Location
- Penkridge Bank Road Rugeley Staffordshire, S15 2UE England

Information
- Type: Academy
- Closed: 2016
- Local authority: Staffordshire
- Department for Education URN: 137100 Tables
- Ofsted: Reports
- Gender: Mixed
- Age: 11 to 18

= Fair Oak Academy =

Fair Oak Academy was a mixed secondary school located in Rugeley in the English county of Staffordshire.

Previously known as Fair Oak High School, the school gained specialist status as a Business and Enterprise College and was renamed Fair Oak Business and Enterprise College. In September 2011 the school converted to academy status and was renamed Fair Oak Academy. The school was then sponsored by the Creative Education Trust, along with Hagley Park Academy and Rugeley Sixth Form Academy.

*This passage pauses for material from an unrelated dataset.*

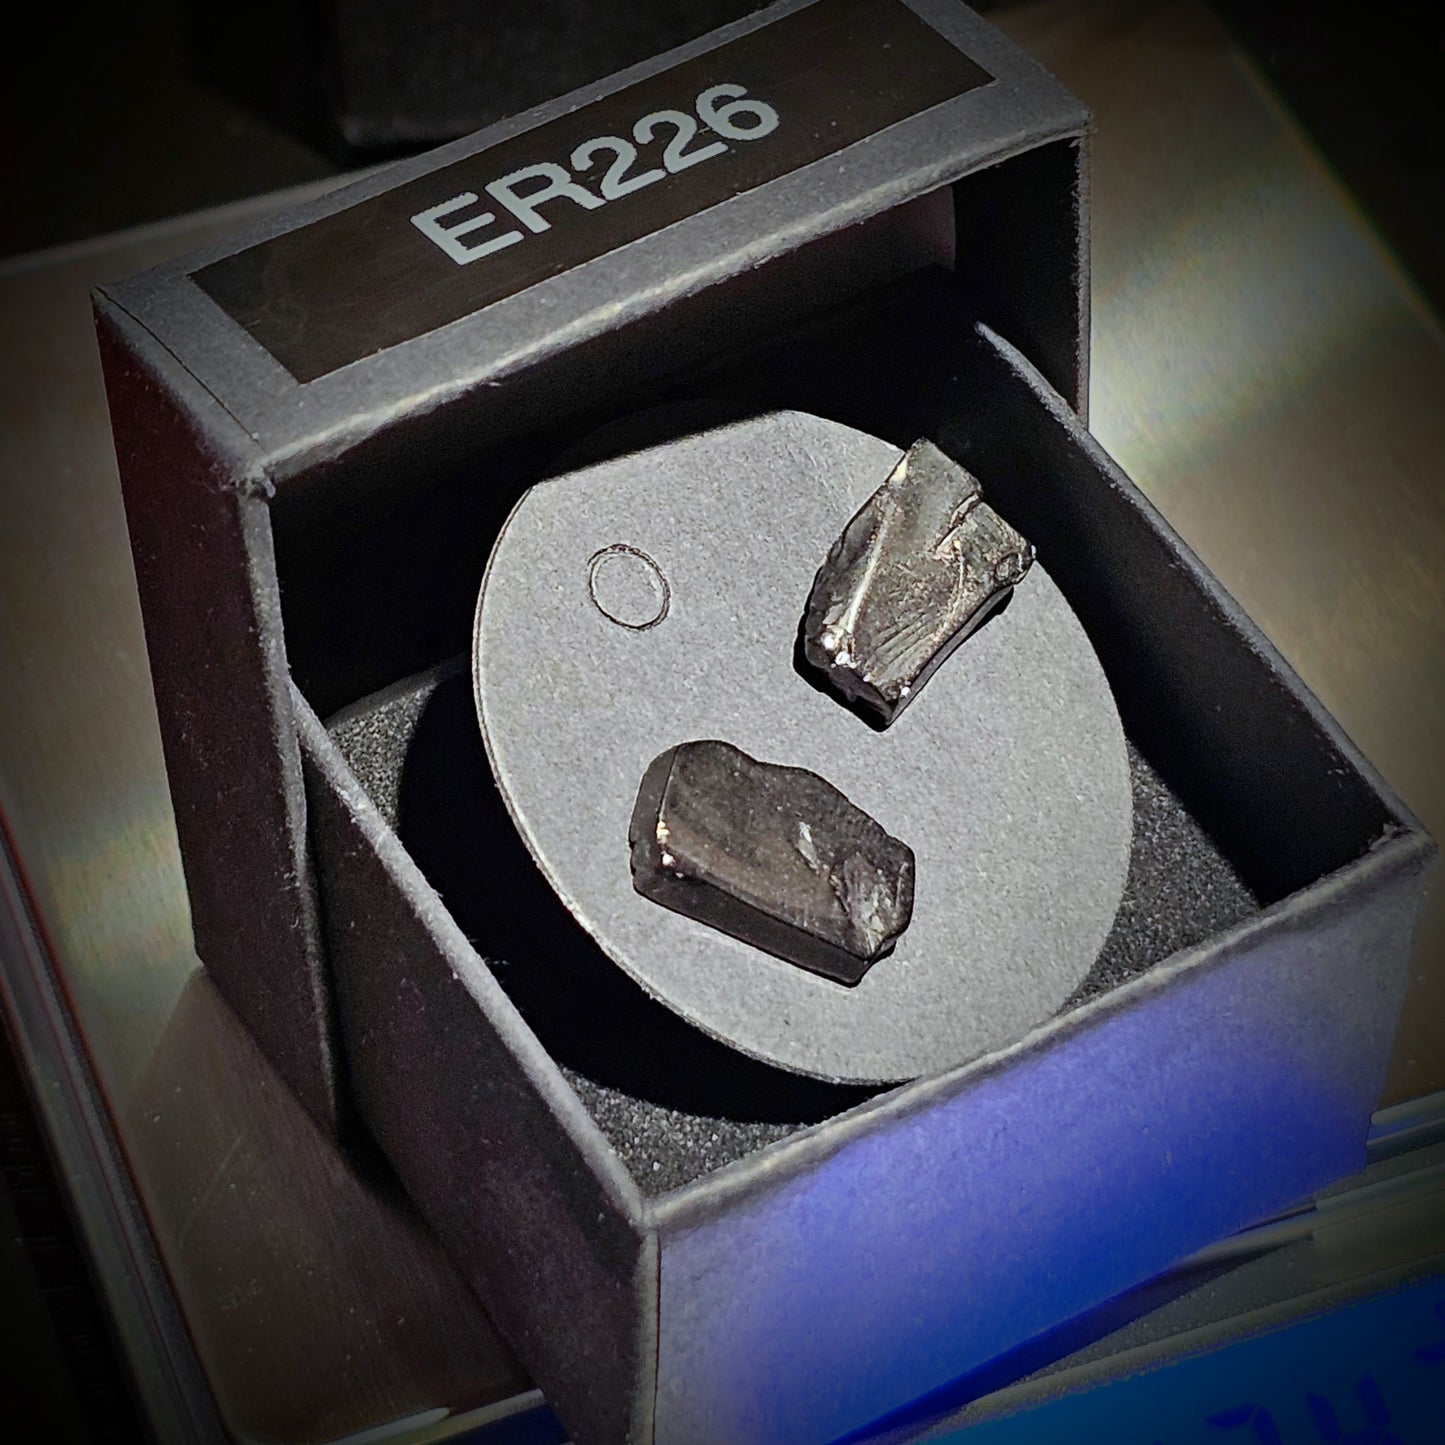 ER226 -  Type 1 Raw Shungite Earrings Set

In November 2015 the Creative Education Trust launched a consultation on the possibility of merging its academies in Rugeley. The plans foresaw the new school operating over two sites, with pupils in academic years 7, 8 and 9 housed at the Fair Oak Academy site as a lower school and years 10, 11, 12 and 13 housed at the Hagley Park Academy site as an upper school. The merger commenced in September 2016 with the new combined school known as The Hart School.